Please produce an exact copy of only the lines from the one with "Với doanh nhân" through the last one of the material, without pictures.

──────── Data provided

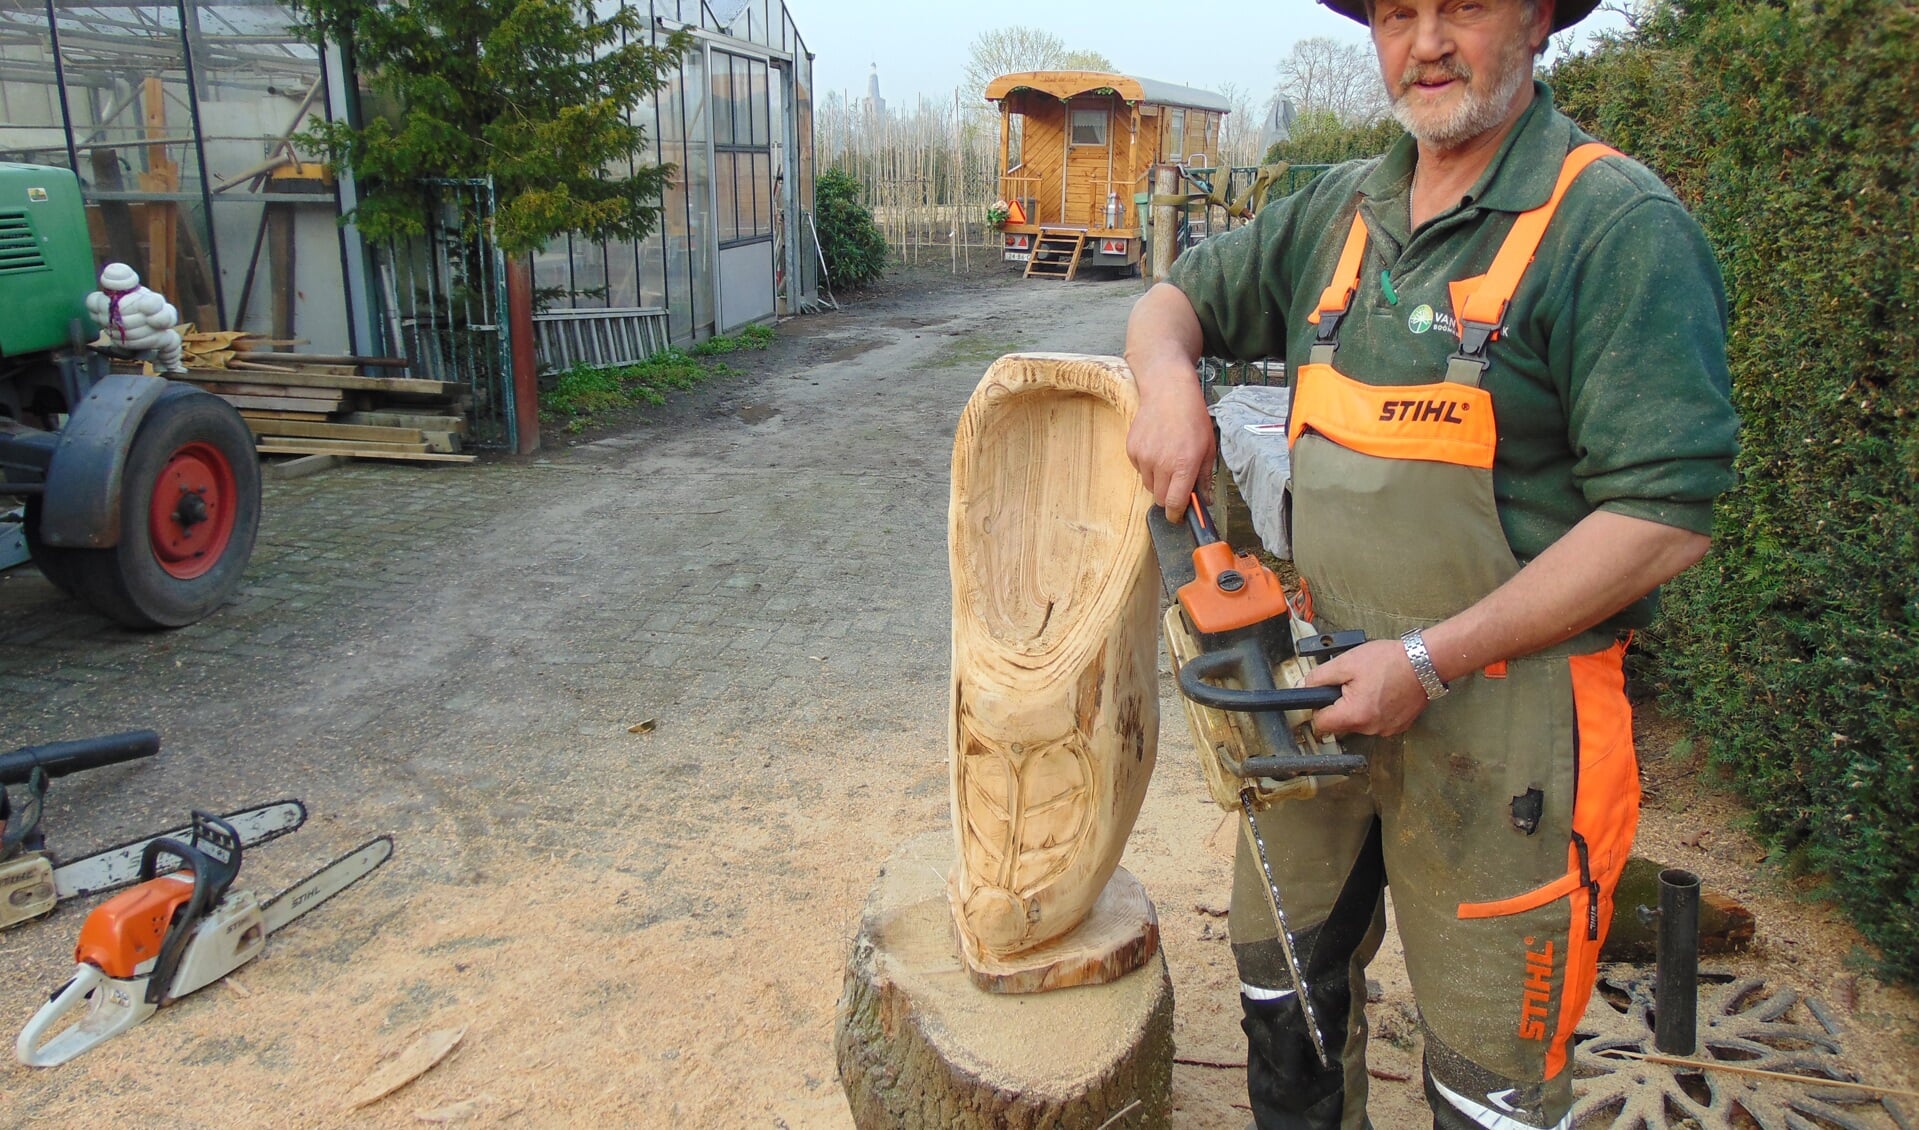 Jos Heijmans maakt met zijn motorzaag prachtige houtsculpturen.
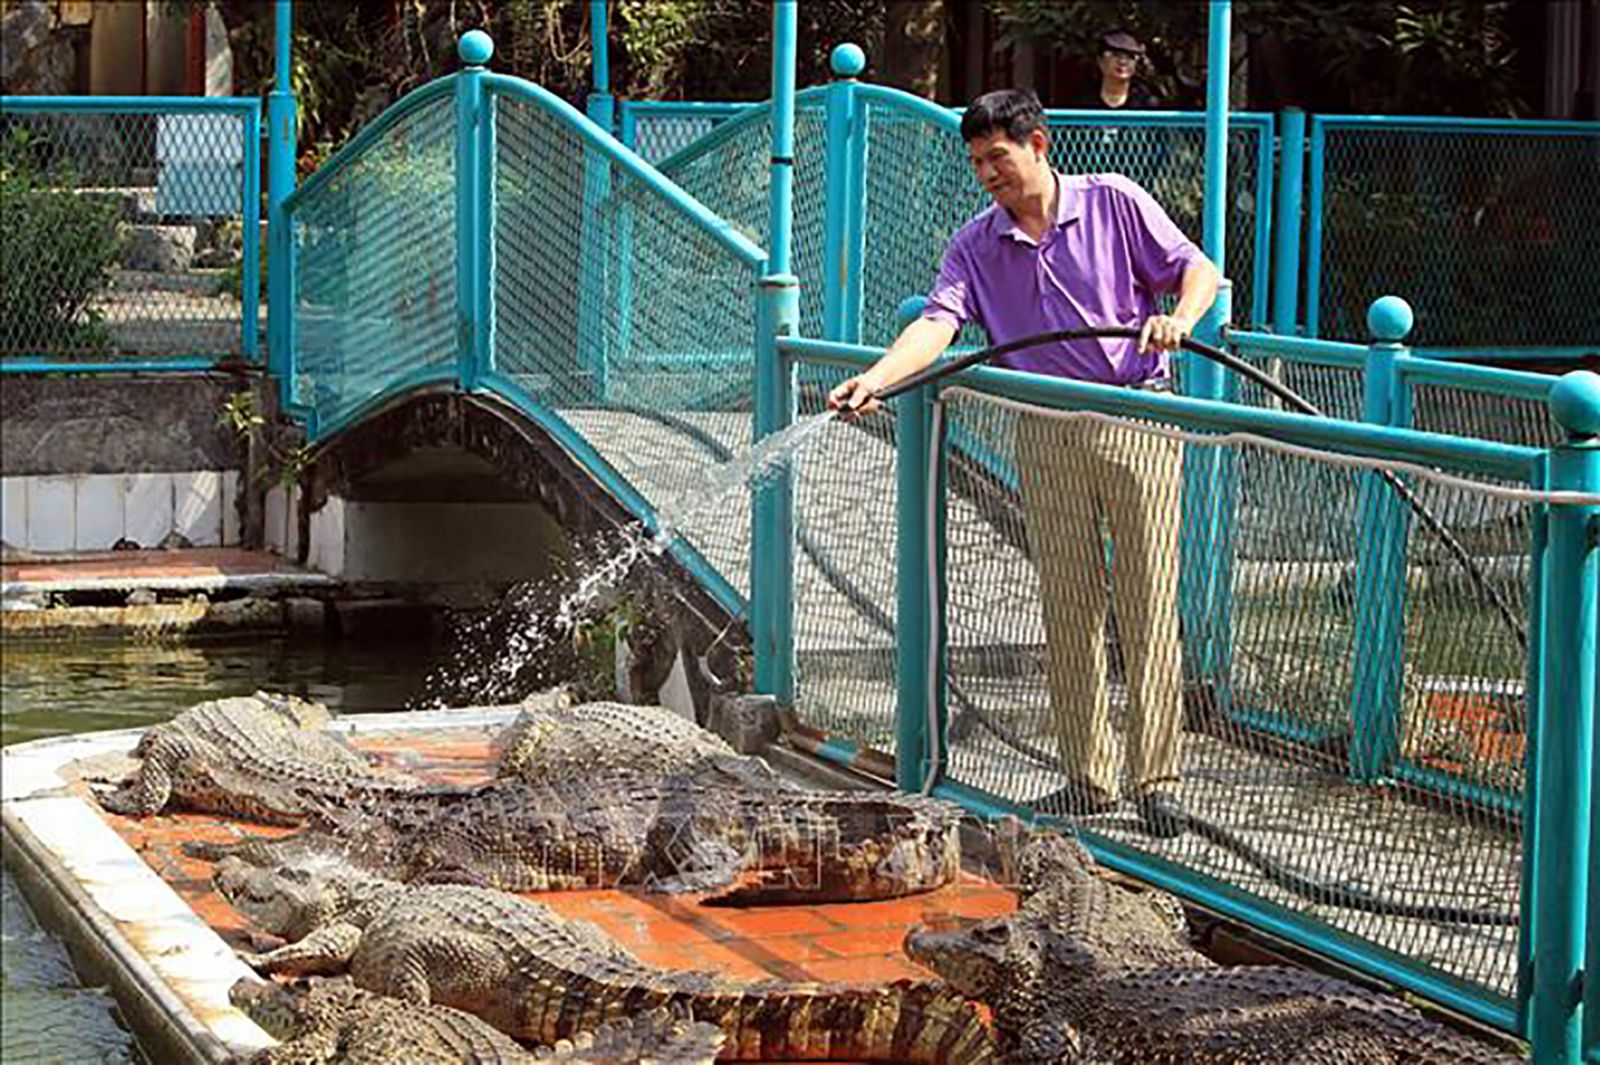  Với doanh nhân Cao Văn Tuấn, việc kinh doanh cá sấu là để thỏa mãn đam mê trên nền tảng hình tượng văn hóa và kiếm tiền để không phải nghĩ đến khi sưu tầm và lưu giữ món đồ.. 
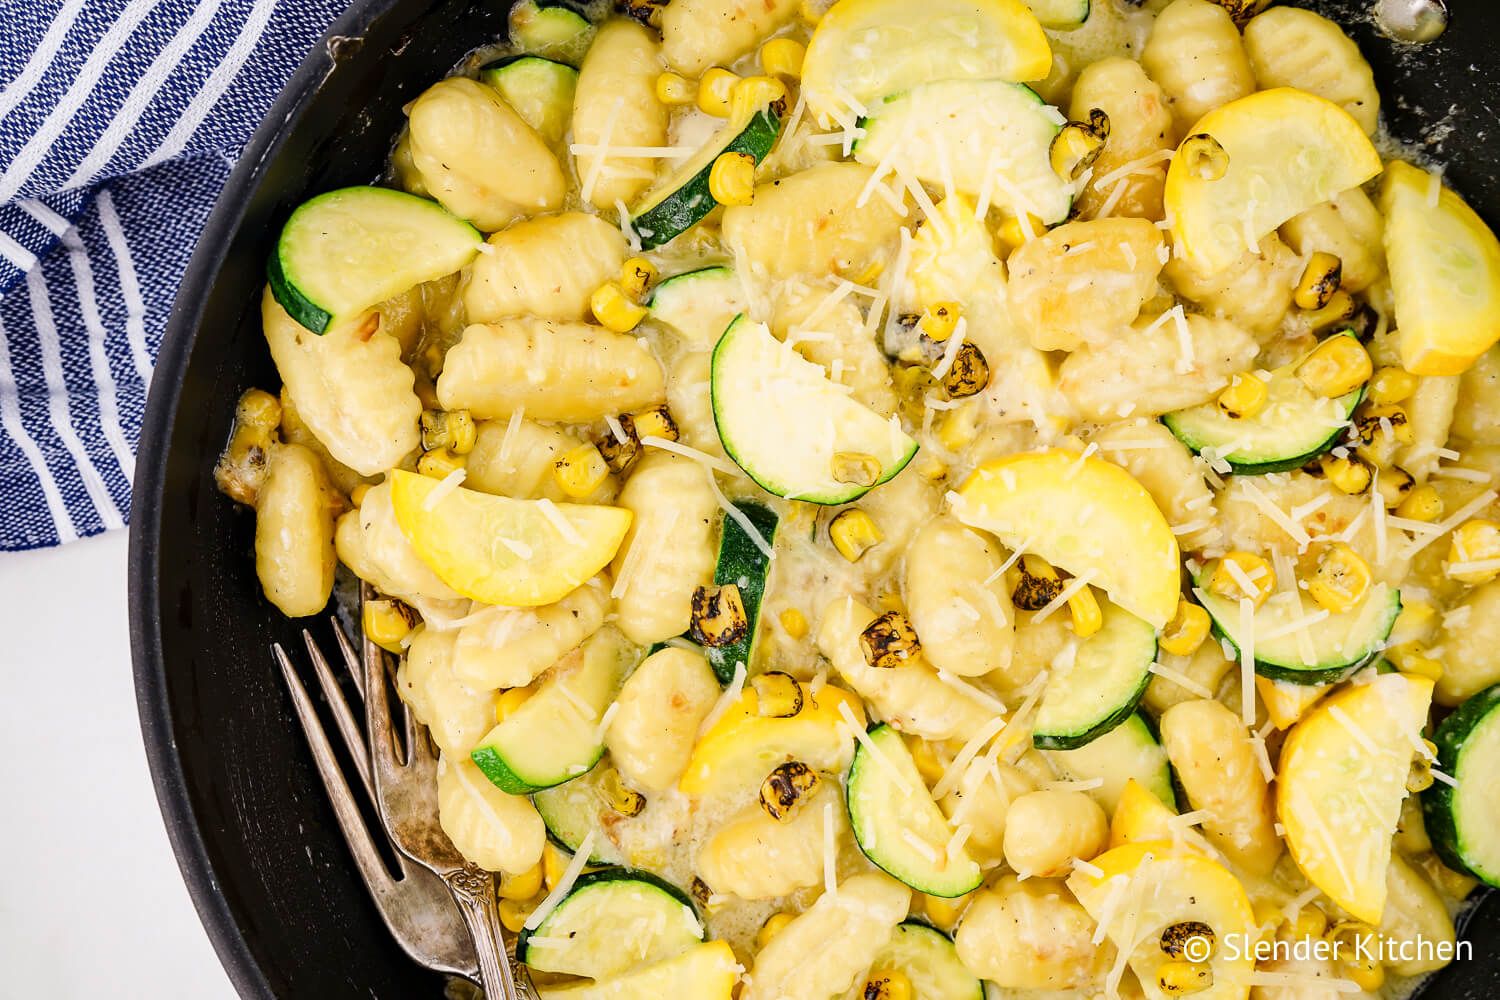 Potato gnocchi recipe in a skillet with zucchini, summer squash, and corn with a blue napkin.

────────────────

_Output below_:
  Với doanh nhân Cao Văn Tuấn, việc kinh doanh cá sấu là để thỏa mãn đam mê trên nền tảng hình tượng văn hóa và kiếm tiền để không phải nghĩ đến khi sưu tầm và lưu giữ món đồ.. 
 Potato gnocchi recipe in a skillet with zucchini, summer squash, and corn with a blue napkin.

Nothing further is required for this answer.